Expositions, Instantanés

Au Bon Marché, « Sous le ciel  » de Leandro Erlich interroge notre perception de la réalité et bouscule nos expectatives

Après les animaux mythologiques en papier de riz d’Ai Weiwei en 2016 et les grandes barques tissées de fil blanc de Chiharu Shiota en 2017, le grand magasin parisien accueille en ce début d’année l’artiste argentin Leandro Erlich, connu pour ses œuvres aux effets d’optique qui renversent les perspectives et désorientent le spectateur.

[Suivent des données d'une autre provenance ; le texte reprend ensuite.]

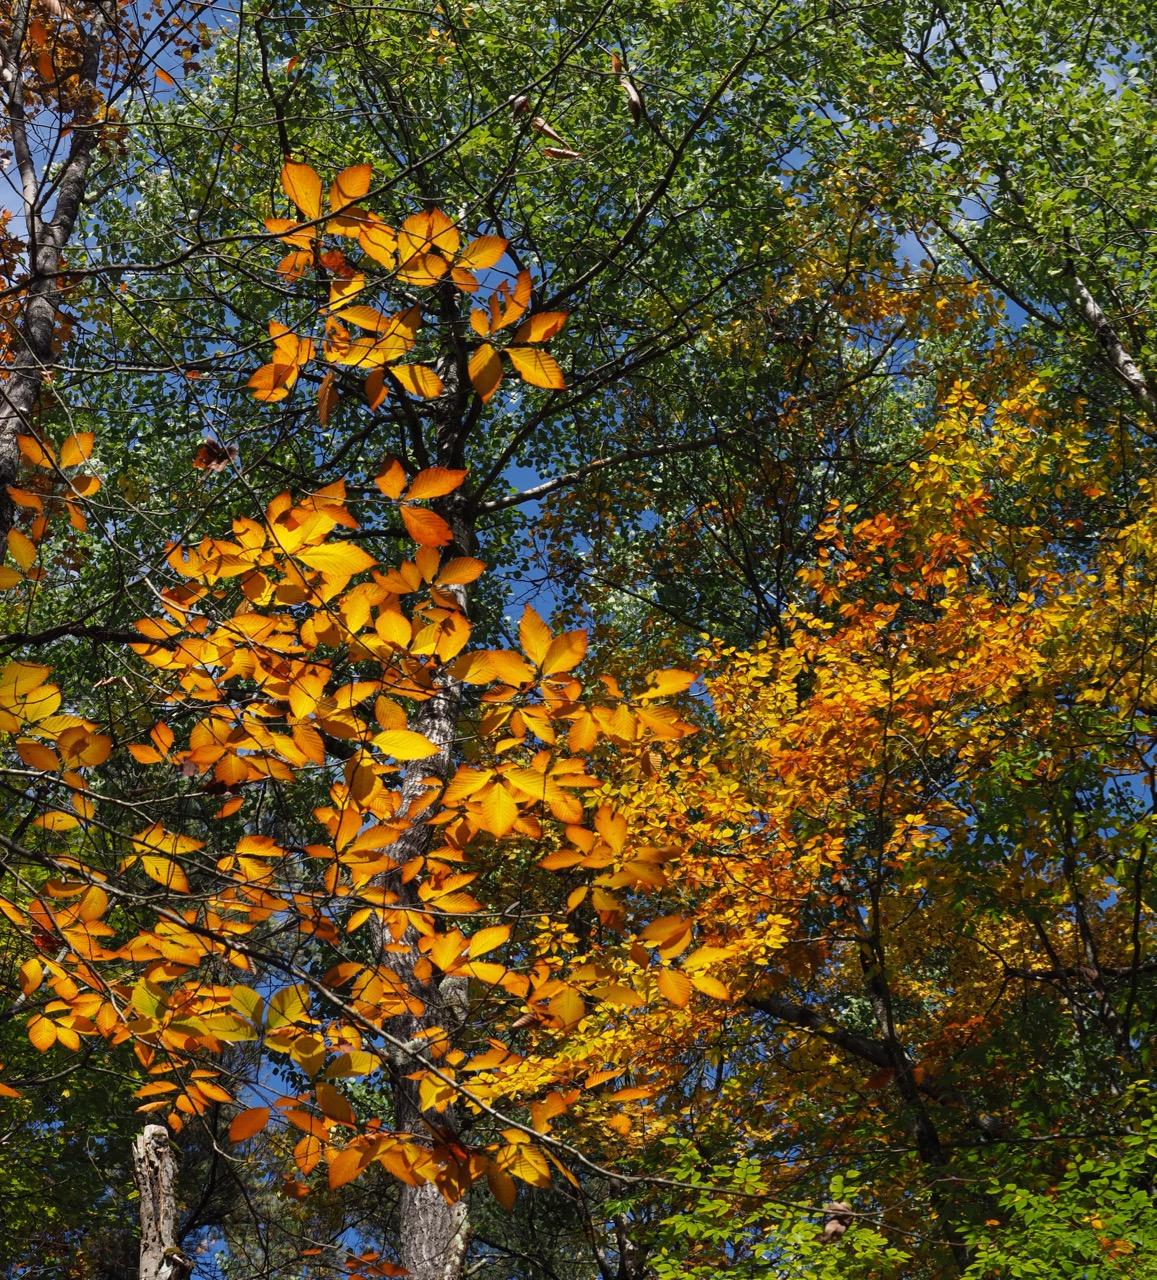 P8-orange leaves towards sky-PA100181.jpg

Sa Carte blanche est visible jusqu’au 18 février.

Loin des créations spectaculaires de ses prédécesseurs dont les sculptures monumentales suspendues sous les verrières se déployaient largement dans l’espace de l’atrium, l’intervention de Leandro Erlich dans le magasin se fait beaucoup plus discrète et pourrait même passer complètement inaperçue aux yeux des visiteurs peu familiers des lieux.

Ici comme dans toutes les œuvres de l’artiste, l’idée de départ s’appuie sur une situation connue ou attendue du spectateur, que le plasticien détourne de son état originel par une illusion spatiale qui déstabilise nos repères.
L’installation Swimming Pool, qu’il avait exposée à la Biennale de Venise en 2001 et qui est aujourd’hui conservée au Musée de Kanasawa au Japon, présentait ainsi l’apparence d’une piscine tout à fait ordinaire remplie d’une eau aux reflets azurés, jusqu’au moment où l’on apercevait, dans le fond du bassin, des visiteurs se promenant tranquillement, parfaitement au sec, dans l’espace aménagé sous la plaque de verre recouverte d’eau qui donnait l’illusion d’une vraie piscine.

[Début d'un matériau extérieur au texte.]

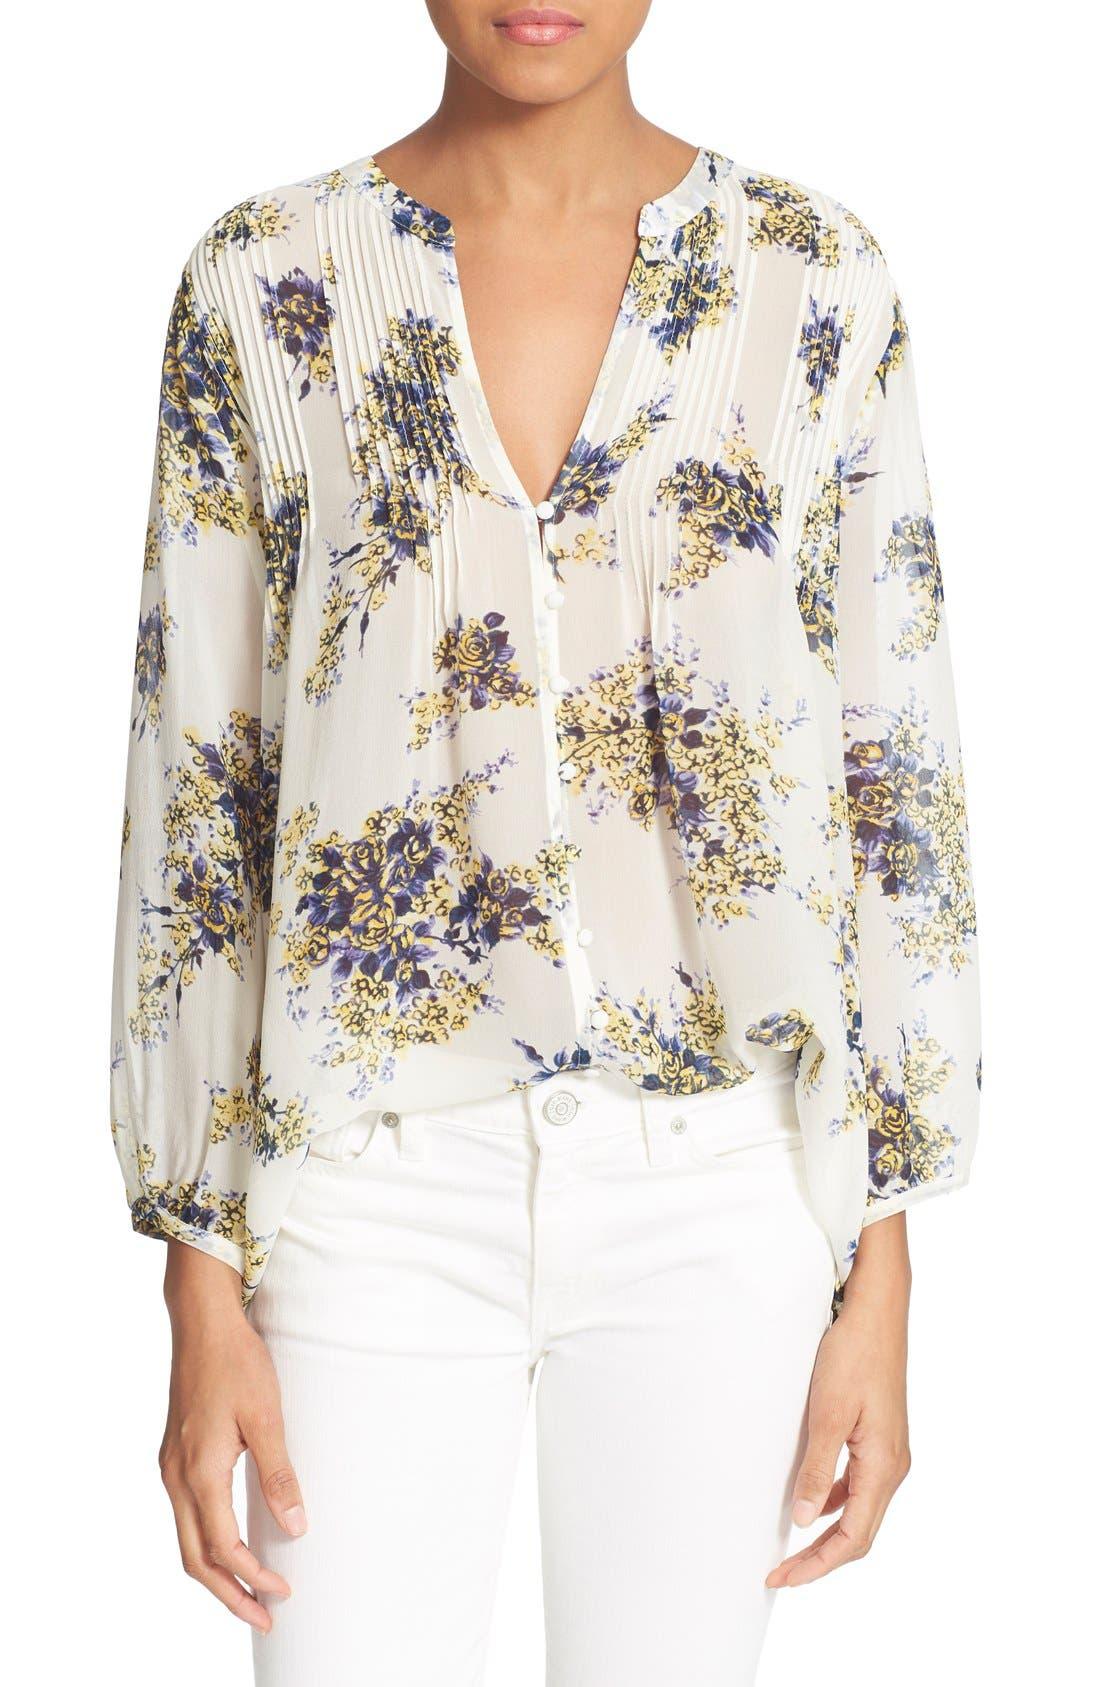 Alternate Image 1 Selected - Joie 'Laurel B' Floral Print Silk Top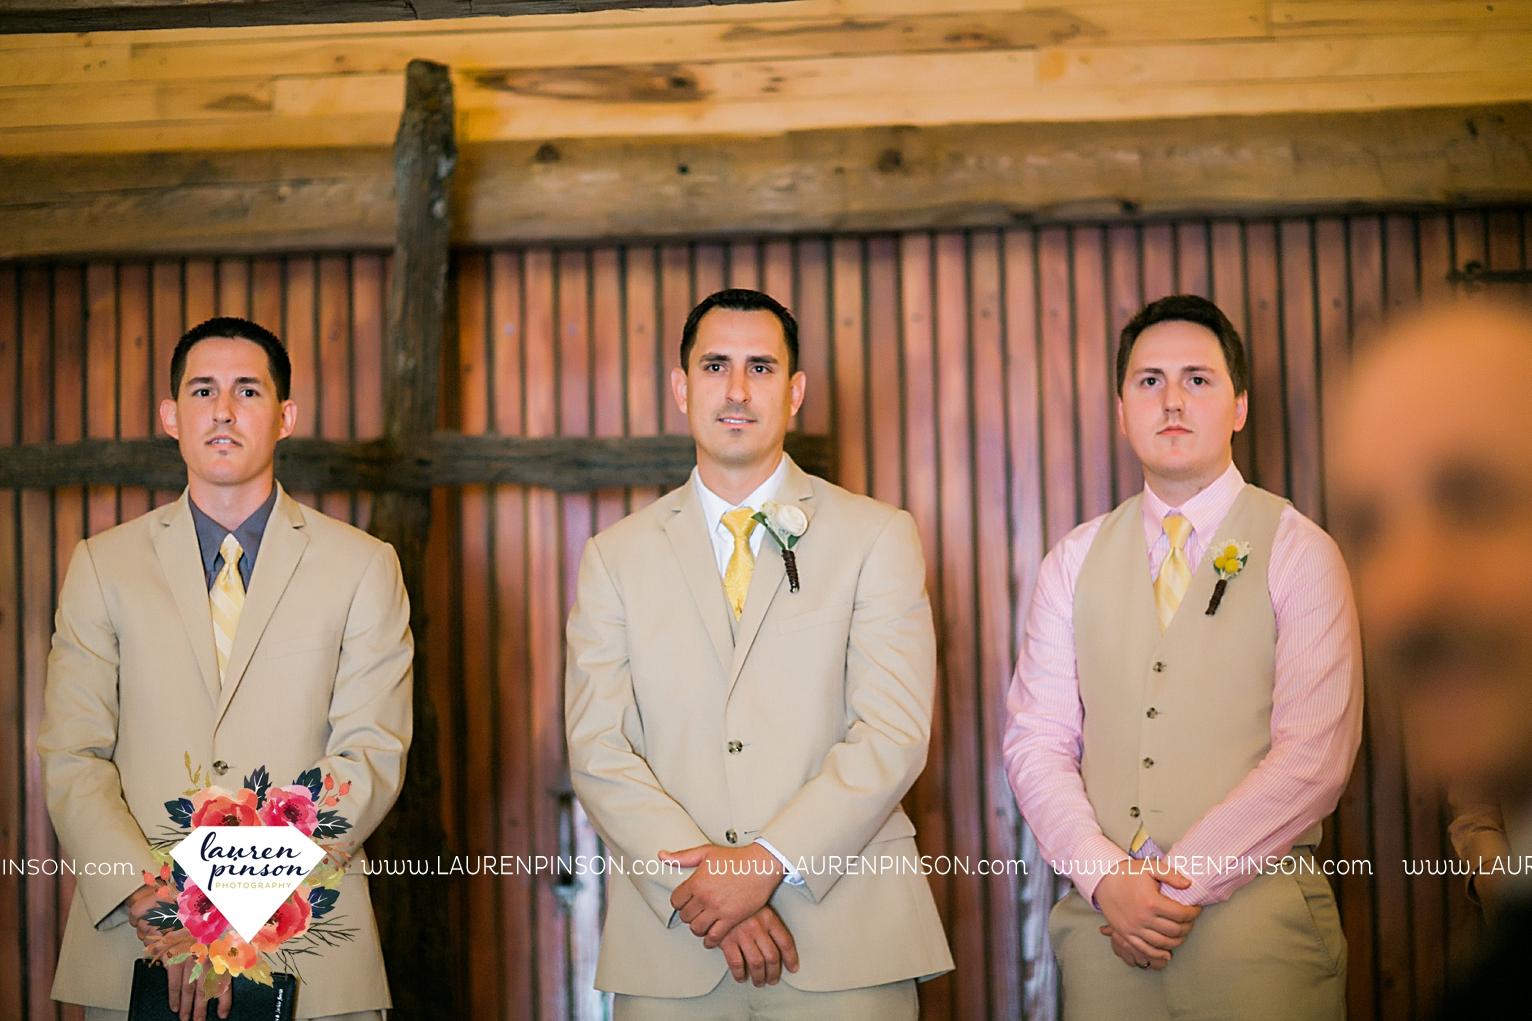 weatherford-texas-hollow-hill-farm-event-wedding-mineral-wells-dfw-wedding-photographer-wichita-falls-photography_3158.jpg

Leandro Erlich, Swimming Pool, 1999, photo : Keizo Kioku – courtesy : 21st Century Museum of Contemporary Art, Kanazawa

Leandro Erlich, Swimming Pool, 1999, photo : Keizo Kioku – courtesy : 21st Century Museum of Contemporary Art, Kanazawa

Avec Bâtiment, créé à l’occasion de la « Nuit Blanche » en 2004 à Paris, Erlich invitait le public à investir une façade d’immeuble posée à l’horizontale face à un miroir placé à 45°, donnant aux participants l’impression de défier les lois de la gravité.

Leandro Erlich, Bâtiment, 2004, Nuit Blanche, Paris © Leandro Erlich studio

Dans l’installation Maison fond, œuvre pérenne installée sur le parvis de la Gare du Nord en 2015 à la veille de la COP21 sur le climat, Erlich évoquait, par le biais d’une construction dont les murs s’affaissent dangereusement sur le trottoir à la manière d’une glace en train de fondre, les menaces et les enjeux du réchauffement climatique.

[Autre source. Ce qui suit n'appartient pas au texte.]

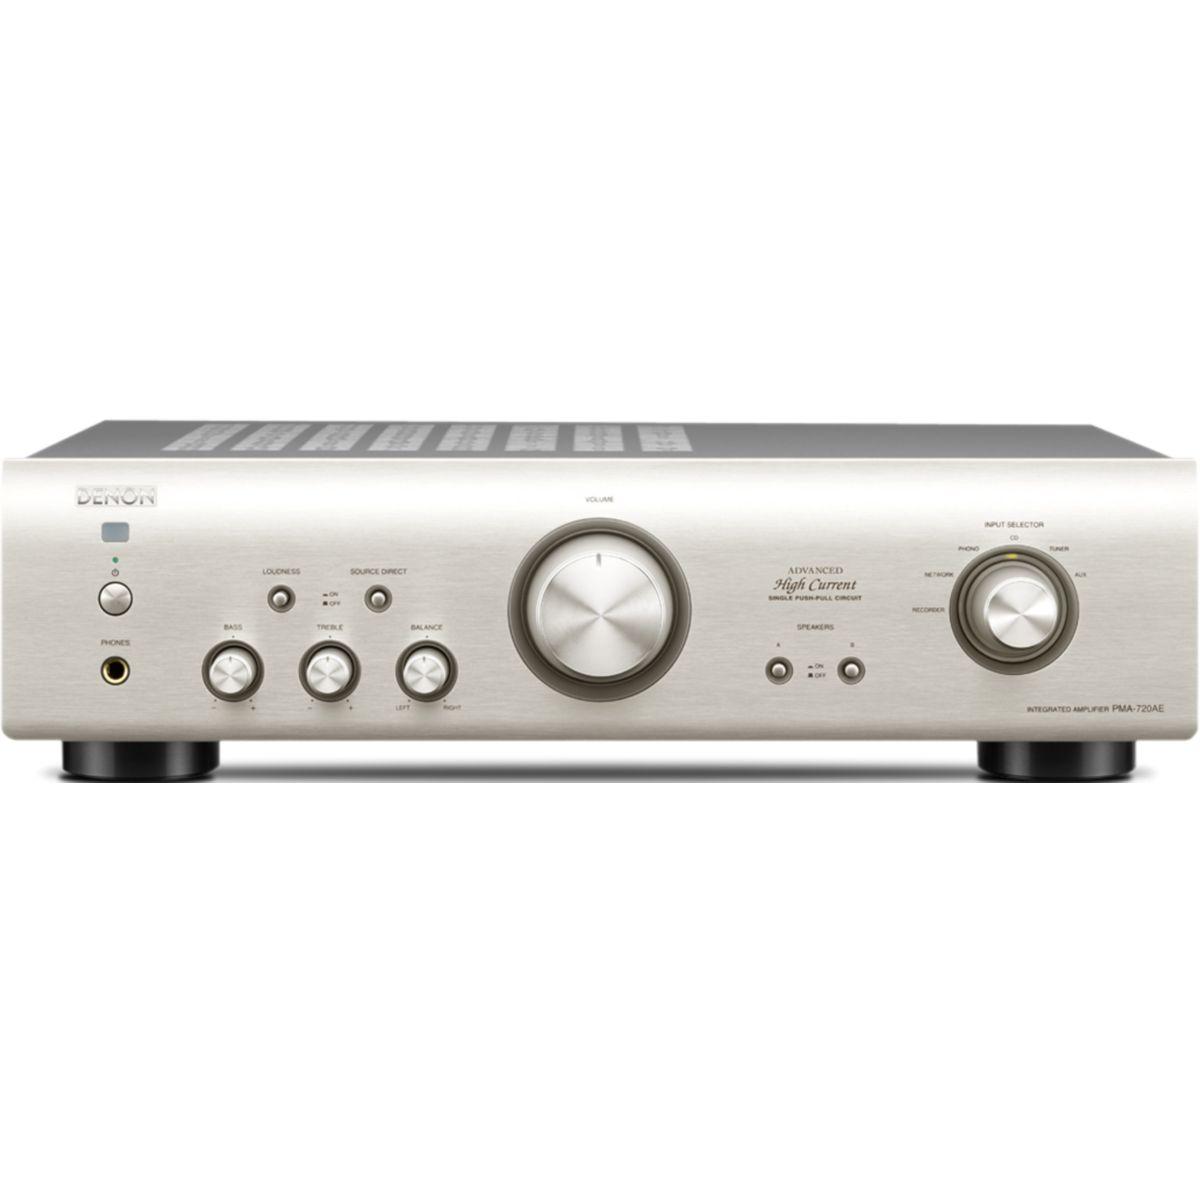 Amplificateur hi-fi denon pma720 silver - livraison offerte : code livprem

Leandro Erlich, Maison fond, 2015, Gare du Nord, Paris © Isabelle Henricot

Invité cette fois par le Bon Marché à célébrer à sa manière le Mois du Blanc, cette tradition inaugurée en 1871 par le fondateur du magasin Isidore Boucicaut et associée depuis deux ans à une autre pratique initiée par le fondateur, celle d’inviter des artistes contemporains à exposer dans le magasin, Leandro Erlich s’est imprégné de l’architecture des lieux, se focalisant sur ses éléments emblématiques que sont la verrière et les escalators, pour créer quatre installations regroupées autour du thème du ciel de Paris.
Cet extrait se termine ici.